I'm troubleshooting and issue with load balancing connections from the NC client to the Juniper VPN servers. First off I don't have access to the servers, versions, cluster or that information. I do know that I have 2 issues with load balancing.
The first is with load balancing between 2 vpn servers in geographically different locations. The admins use DNS round robin to direct users between the 2 servers. I know there is a knowledge article about this but it does not seem to match what I am seeing. Users get a session time out error when building the VPN connection. I have seen this happen when the user receives a different IP when building the VPN connection. The connection does not bounce (connect and reconnect) like the knowledge article states. The KB article is KB14355.
What about windows vista NC client that causes the round robin DNS to fail? Why doesn't the vista DNS cache keep the 1st IP it receives from the server? The VPN sessions builds multiple TCP connections with the server what are they all for? Will Clustering of the servers solve the problem? What other load balancing techniques are there?
The other issue causes the same symptom. When the user tries to start a vpn session it errors out because the session times out. In this case the load balancing of the proxy servers causes the connection to switch proxy servers and the session then times out. Any comments or solutions would be helpful?
Are you sure the issue is the DNS round-robin?

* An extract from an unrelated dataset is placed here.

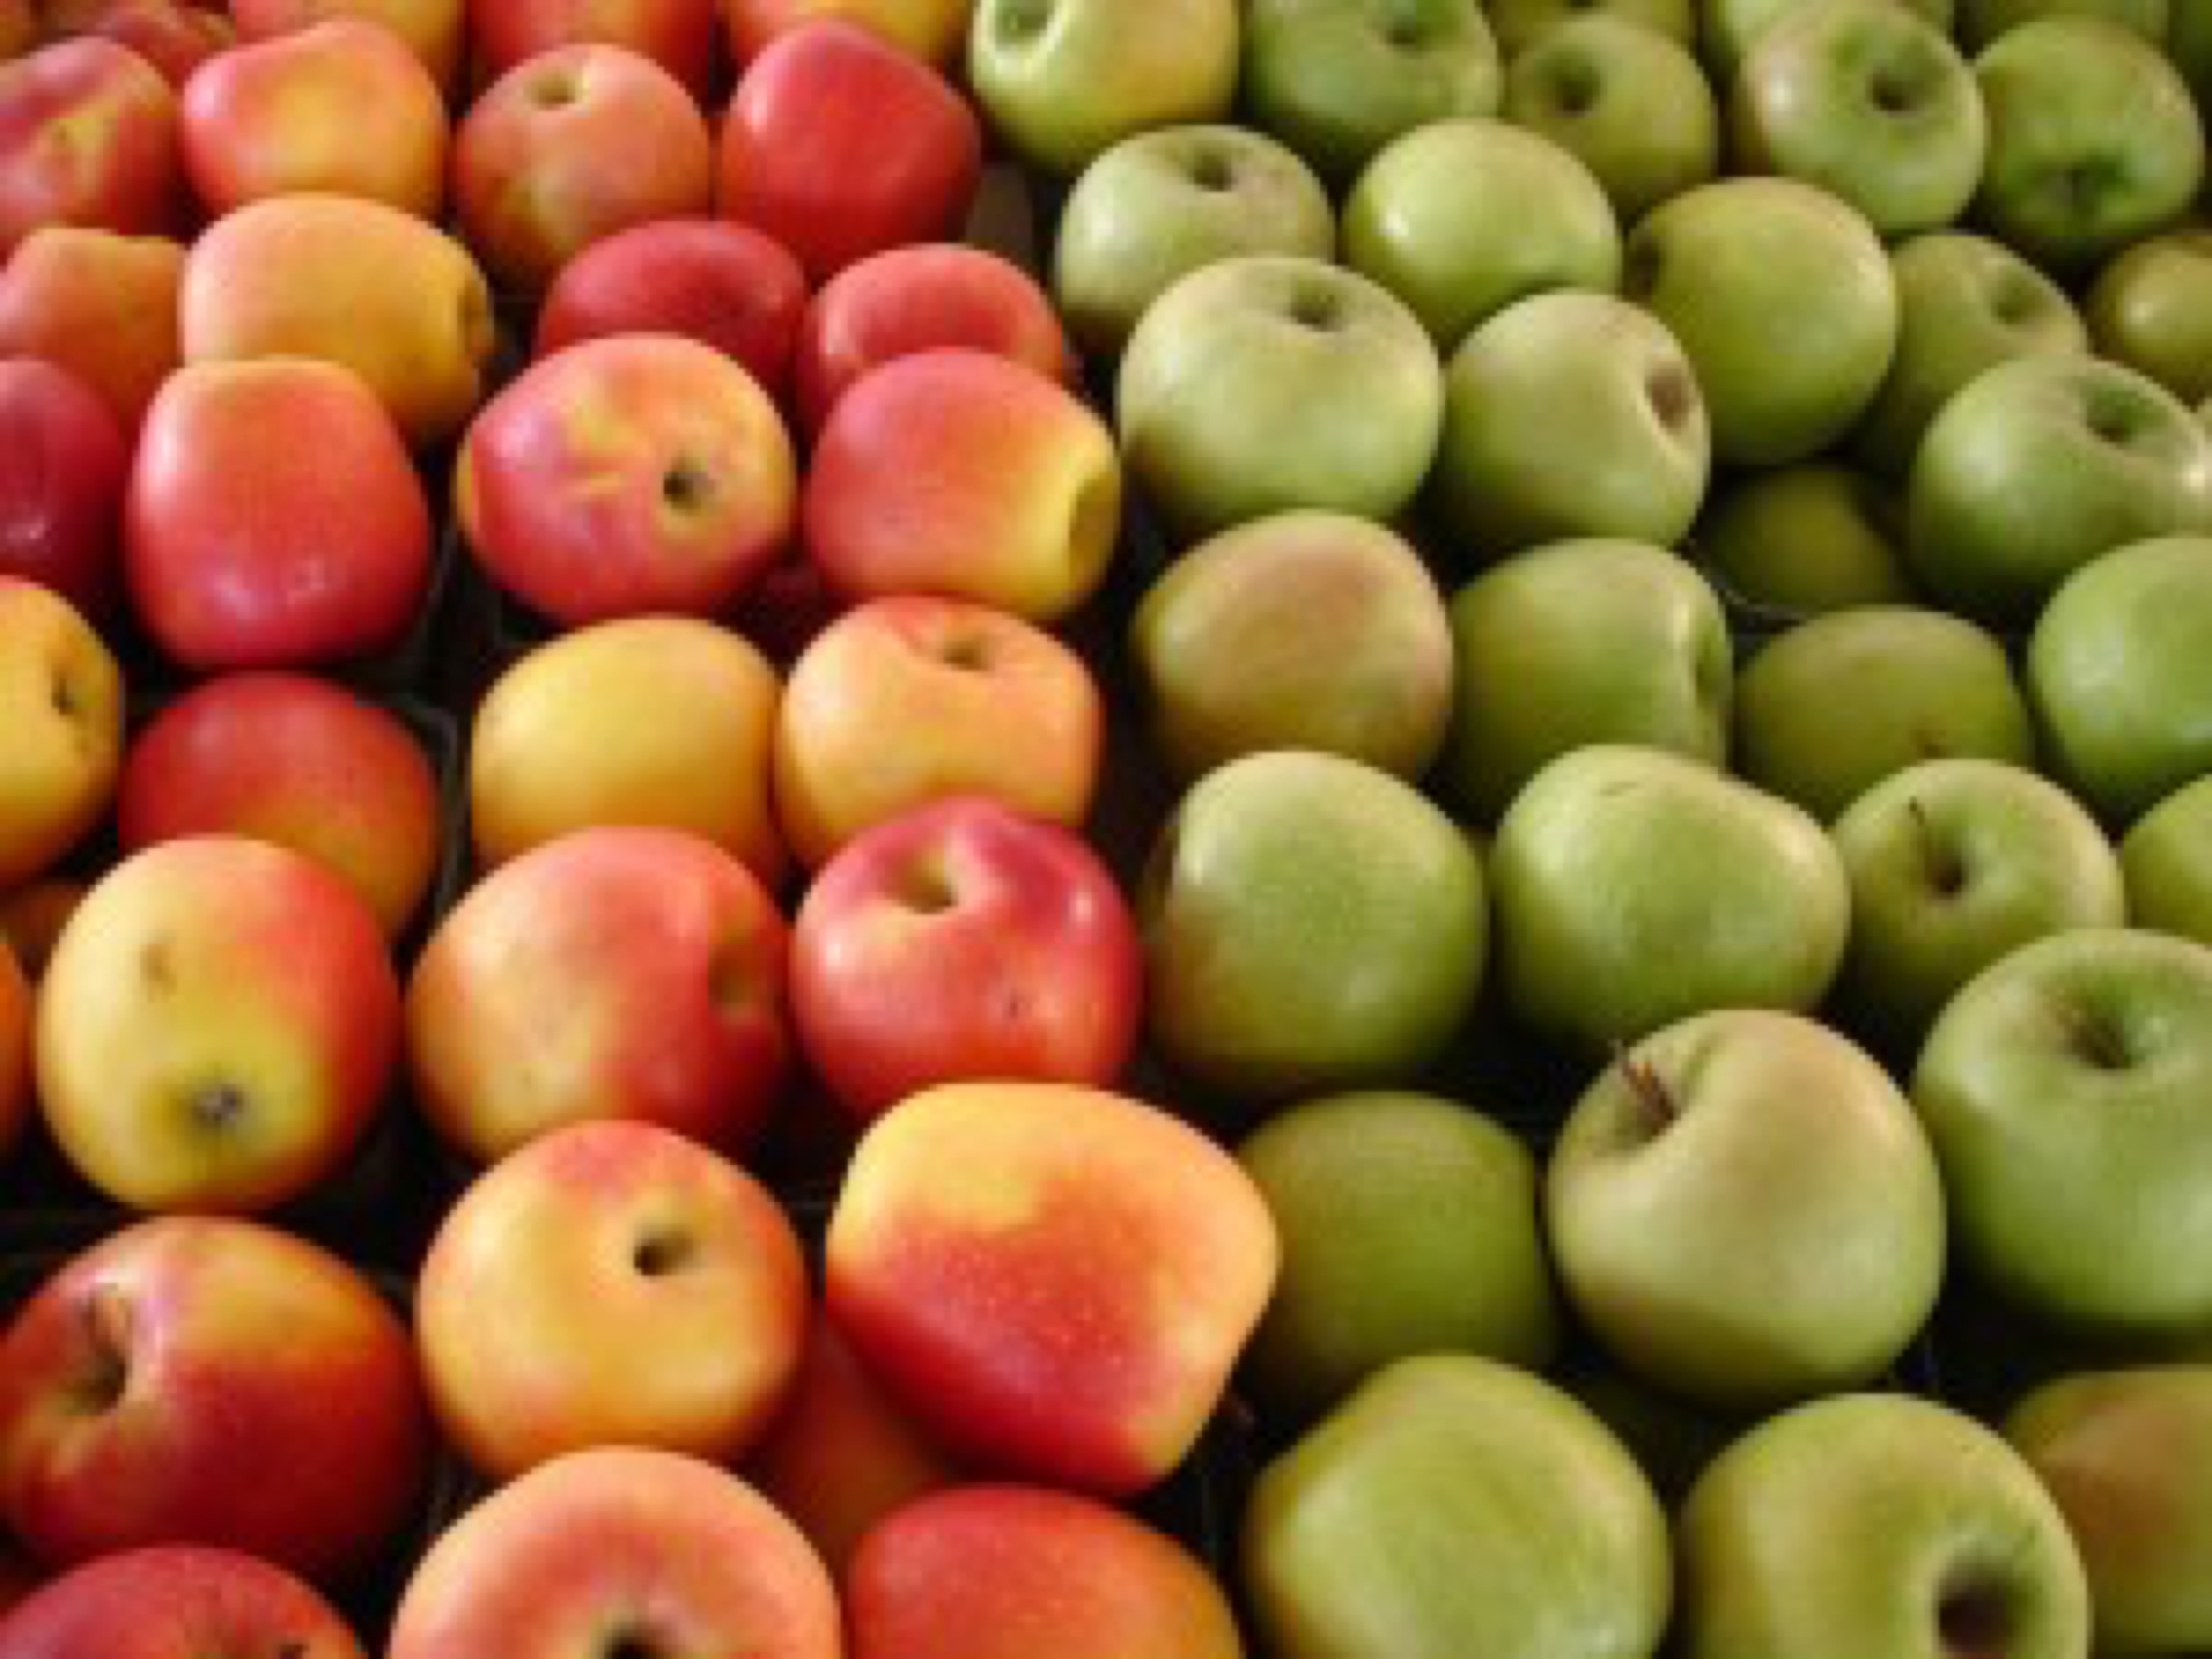 blog image - apples

Have you attempted to log on to each SA using either its IP address or a DNS name which points only to it? Do these work as expected?
If so, I'd do a packet trace from the PC to see if the PC is doing a DNS query at the time the NC session is starting. If this always occurs, and if the address always changes from one SA to the other, I think you'll be certain of what is going on.
In your last paragraph, I don't understand what you mean by "proxy servers". if the source of the traffic coming into the SA changes (because the PC switches what proxy server it is talking to), you may want to ensure that roaming is configured for the role in question.
I'm sure that it is the issue is caused by the DNS round-robin, I just don't know why. If is use the IP address instead of the URL I don't have the problem.
Using netstat I can view the TCP connections while the client is setting up the VPN tunnel. Multiple connections are made and if one of them goes to another SA due to load balancing the connections are dropped and the client displays the error message that the "session has timed out"
In the last paragraph I attempted to describe my other issue where web traffic is load balanced between multiple different proxy servers. As with above if any of the connections made during the building of the VPN tunnel switch between proxy servers the connections are closed and the session times out. I have worked around this by having users specify the IP a proxy server in the browser settings.
In both cases the client seems to be querying DNS for a proxy and VPN server multiple times and getting different IP addresses. I have checked and DNS caching service is running on the PC.
I will attempt to setup a packet capture to figure out what is going on.
Can you confirm this is a supported solution? I was led to believe (it's been a few years...) that geographically disperse active/active clusters would not perform well, so we run two standalone systems with global server load balancing (based on time-to-closest-server).. But I would love to run a cluster because it would make administration so much easier.
We've run geographically disperse, active/active SA-6000 clusters for several years with minimal problems. We've used DNS round-robin load-balancing and GSLB load-balancing both over the years. I think the clustering is key to getting this to work successfully and make management about 10 times easier.